Déjà fait et pas à la hauteur

Pour combler les déficits sociaux, opposition et syndicats tentent de réchauffer la recette de Georges Marchais : prendre l'argent là où il est. En l'occurrence, il s'agirait de taxer les produits financiers sous toutes leurs formes. Le problème avec cette suggestion, c'est d'une part que c'est déjà fait, et d'autre part qu'il ne s'agit guère que d'une goutte dans la mare des déficits : 1,5 milliard sur 30 milliards d'euros. Les solutions sont ailleurs.

Données de cadrage

Nous n'allons traiter que de la question des prélèvements dits sociaux destinés à couvrir les dépenses sociales. Ces dépenses se montent à 578 milliards d'euros (chiffres 2008), soit 56% des dépenses publiques totales et 29,4% du PIB (première place européenne), dont 425 pour la protection sociale et 153 pour la santé. Elles sont principalement couvertes par le budget des administrations de sécurité sociale (ASSO) pour 472 milliards, le reste dépendant des deux autres budgets publics, celui de l'Etat et des administrations centrales et celui des collectivités locales. Le budget des ASSO couvre la sécurité sociale, l'assurance chômage, les régimes obligatoires de retraite complémentaire et les hôpitaux. Enfin les ressources des ASSO proviennent principalement des cotisations sociales (65%) et des impôts et taxes affectés, essentiellement la CSG/CRDS (27%).

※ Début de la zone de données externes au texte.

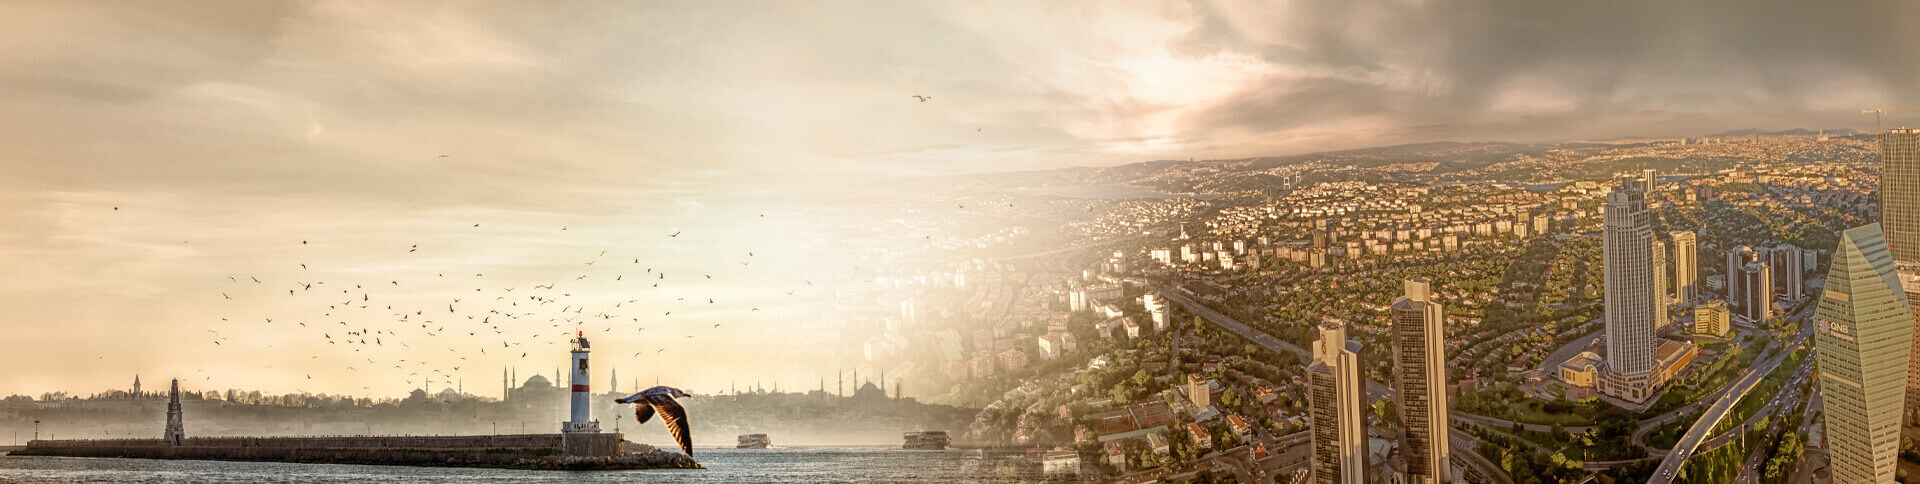 伊斯坦布尔房地产|土耳其房地产|土耳其国籍 | MELARES
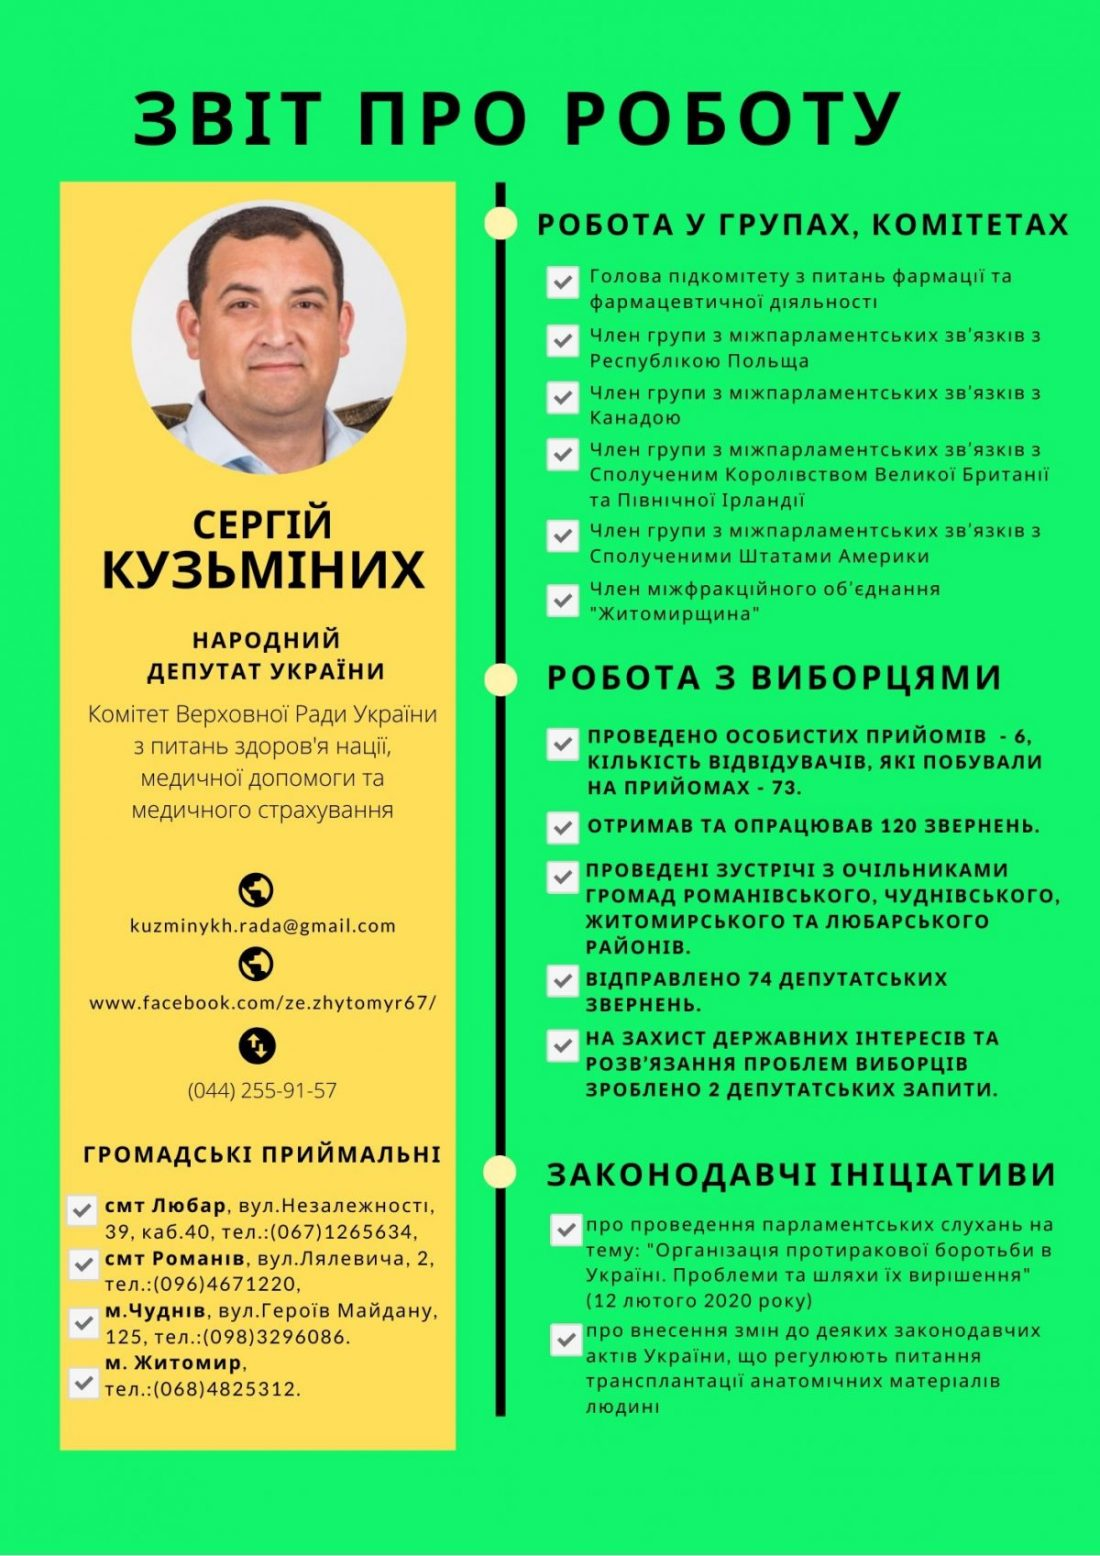 Кузьміних С.В.,2019

Voici, pour commencer, la liste des principales augmentations des prélèvements sociaux récemment votées par le gouvernement actuel.

- Les dividendes supportent le paiement à la source des prélèvements sociaux quel que soit leur régime fiscal depuis 2008. L'ensemble des revenus du patrimoine et les produits de placement supporte des prélèvements sociaux au taux total de 12,1% comprenant 1,1% de contribution RSA introduite en 2009, alors que le taux de ces mêmes prélèvements n'est que de 8% pour les salaires. (Rappelons qu'en 2008, le prélèvement fiscal libératoire est aussi passé de 16 à 18%).

- En 2009 a été introduit un forfait social qui est perçu sur la quasi-totalité des revenus assujettis à la CSG/CRDS mais exclu de l'assiette des cotisations sociales, ce qui concerne notamment l'intéressement, la participation, l'épargne salariale et les prestations de retraite complémentaire. Le taux de ce forfait, payable par l'employeur, était de 2% en 2009 et a été doublé (4%) en 2010. Le rendement attendu est de 760 millions d'euros.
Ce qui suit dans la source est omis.